Günstigen Wohnraum für die Kreisklinik anzubieten, ist dank der Modulbauweise relativ einfach möglich - und könnte auch andere zur Nachahmung anregen

Was haben der Wohnungsmangel und das Wetter gemeinsam? Über beides lässt sich trefflich schimpfen. Leider wird dabei zu oft übersehen, dass sich nur eines der beiden Dinge nicht ändern lässt - und ja, gemeint ist tatsächlich das Wetter. Gegen den Wohnungsmangel könnte man schon etwas tun, ein Beispiel dafür war nun im Kreisausschuss zu sehen. Noch in diesem Jahr, so beschloss es das Gremium, sollen neben der Kreisklinik mindestens 21 neue Personalwohnungen entstehen.

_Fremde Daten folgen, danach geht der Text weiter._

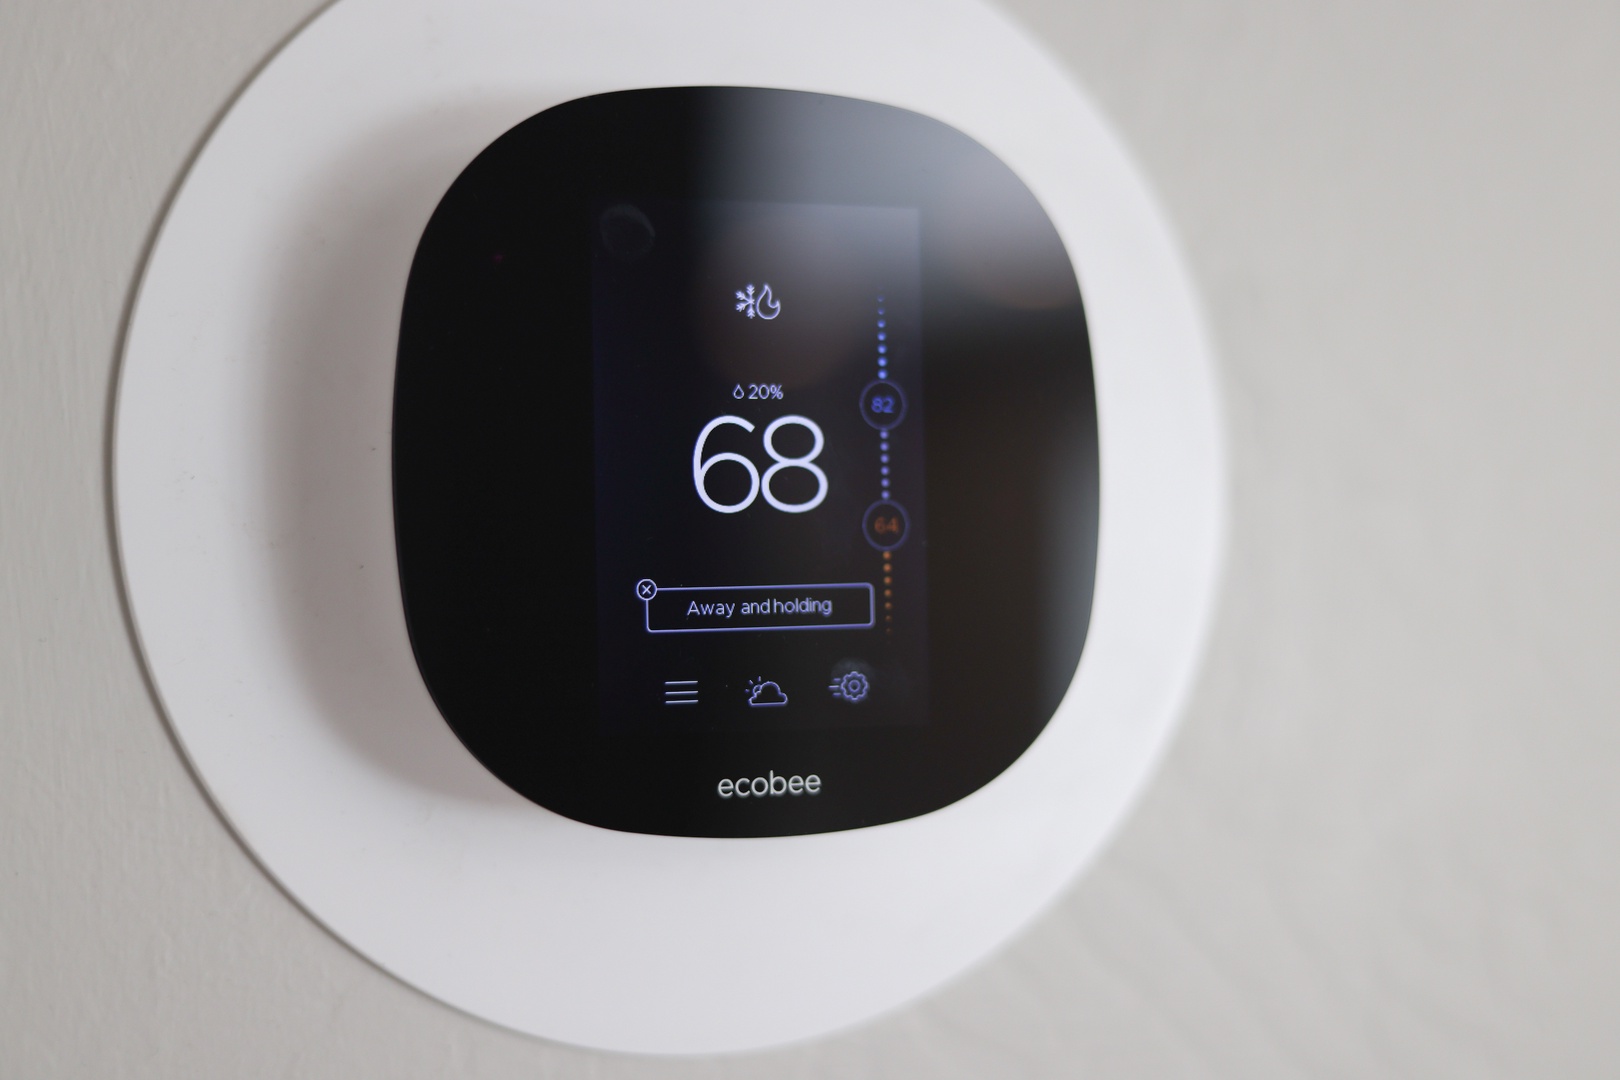 Two Ecobee Smart Thermostats for the two A/C in the home
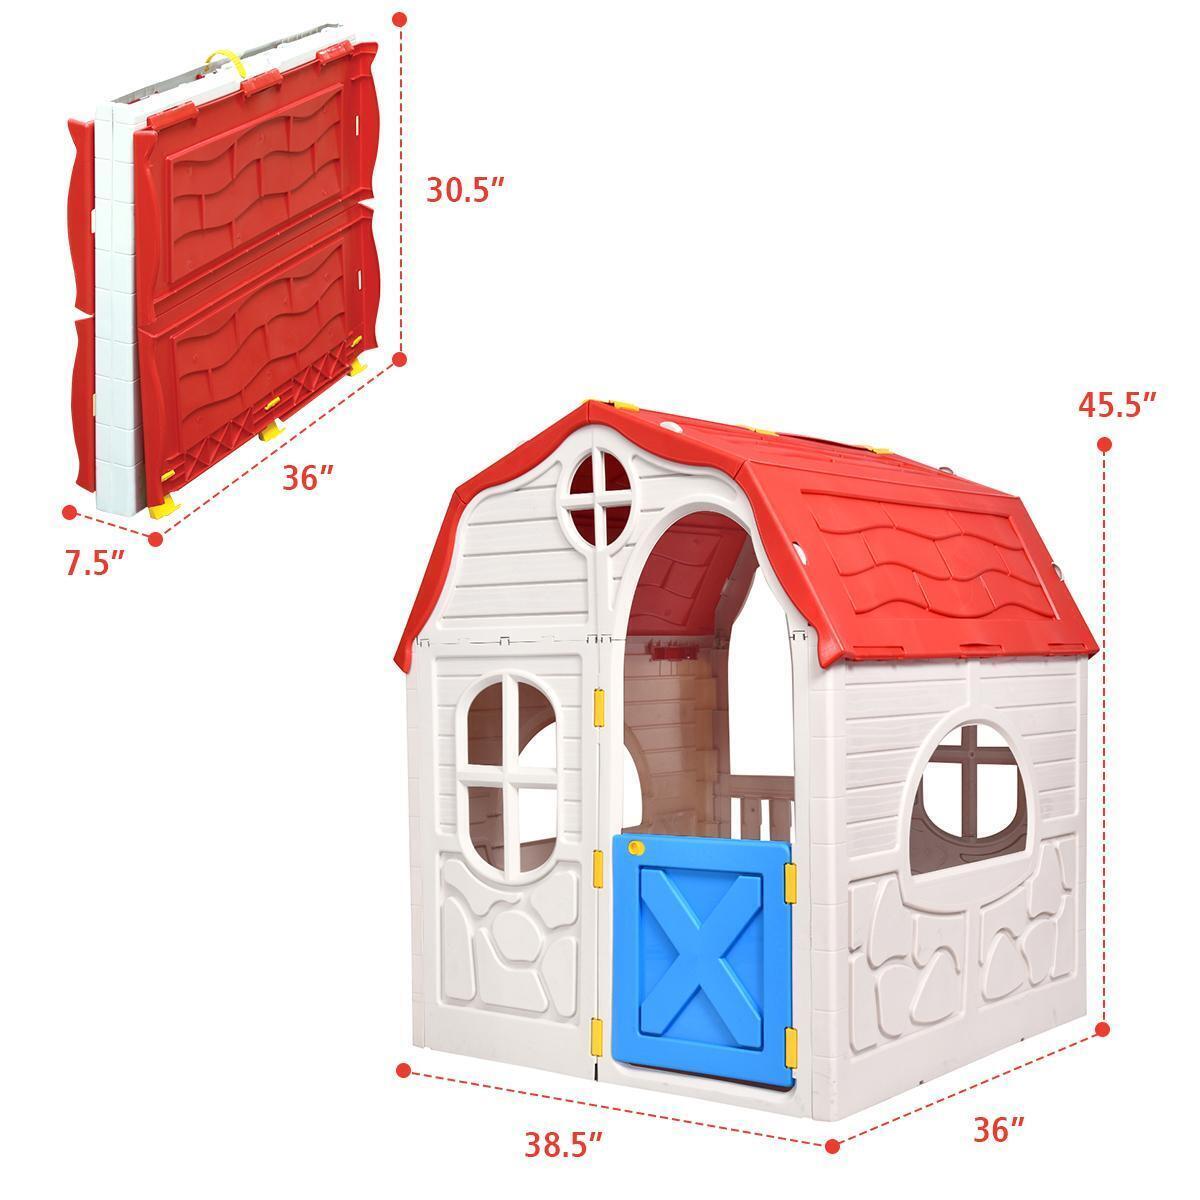 Costway Kids Cottage Playhouse Foldable Plastic Play House Indoor Outdoor Toy Portable alternate image

Dass sich damit die Wohnungsnot in der Region, ja wenigstens in Ebersberg, beseitigen ließe, wird sicher niemand behaupten. Natürlich sind 21 Wohnungen nur der berühmte Tropfen auf den heißen Stein. Andererseits einer, der dorthin tropft, wo es besonders hitzig zugeht. Entstehen soll nämlich genau das, was am dringendsten benötigt wird: kleine kostengünstige Ein-Zimmer-Appartements. Einziehen sollen Berufsanfänger und Azubis, also jene, die bei der Wohnungssuche wirklich in Not sind. Eine Not, die nicht nur sie allein betrifft: Denn in der Klinik ist man ebenfalls unter Druck, der Fachkräftemangel macht es ohnehin schwierig, Stellen zu besetzen. Was nahezu unmöglich wird, können sich die Kandidaten ihren neuen Arbeitsplatz wegen hoher Mieten oder teurer Pendelei nicht leisten. Für die Klinik kann dies schnell existenzbedrohend sein. Was auch ein Grund dafür sein dürfte, dass der Landkreis und sein Wohnbauunternehmen nun so beherzt in die Bresche springen. Denn im Kreistag ist es fraktionsübergreifend Konsens, das Krankenhaus unbedingt zu erhalten. Was einerseits heißt, Gebäude und Ausrüstung auf den neuesten Stand zu bringen, andererseits aber auch ein attraktiver Arbeitgeber zu sein, etwa indem er seinen Angestellten günstigen Wohnraum anbieten kann.

Was, wie das aktuelle Beispiel zeigt, sogar relativ einfach gehen könnte. Die Zustimmung der Stadt Ebersberg vorausgesetzt, könnten die in Modulbauweise errichteten Wohnungen in einigen Monaten verfügbar sein - und vielleicht andere zur Nachahmung anregen. Schließlich ist Personalmangel nicht alleine ein Problem des Krankenhauses, zahlreiche Arbeitgeber, seien es Kita-Träger, Kommunalverwaltungen oder auch Privatunternehmen sind betroffen. Wenn genügend davon dem Beispiel des Landkreises und der Klinik folgen, könnten diese vielen Tropfen den heißen Stein Wohnungsmarkt tatsächlich etwas abkühlen - und man müsste vielleicht nur noch über die Regentropfen schimpfen.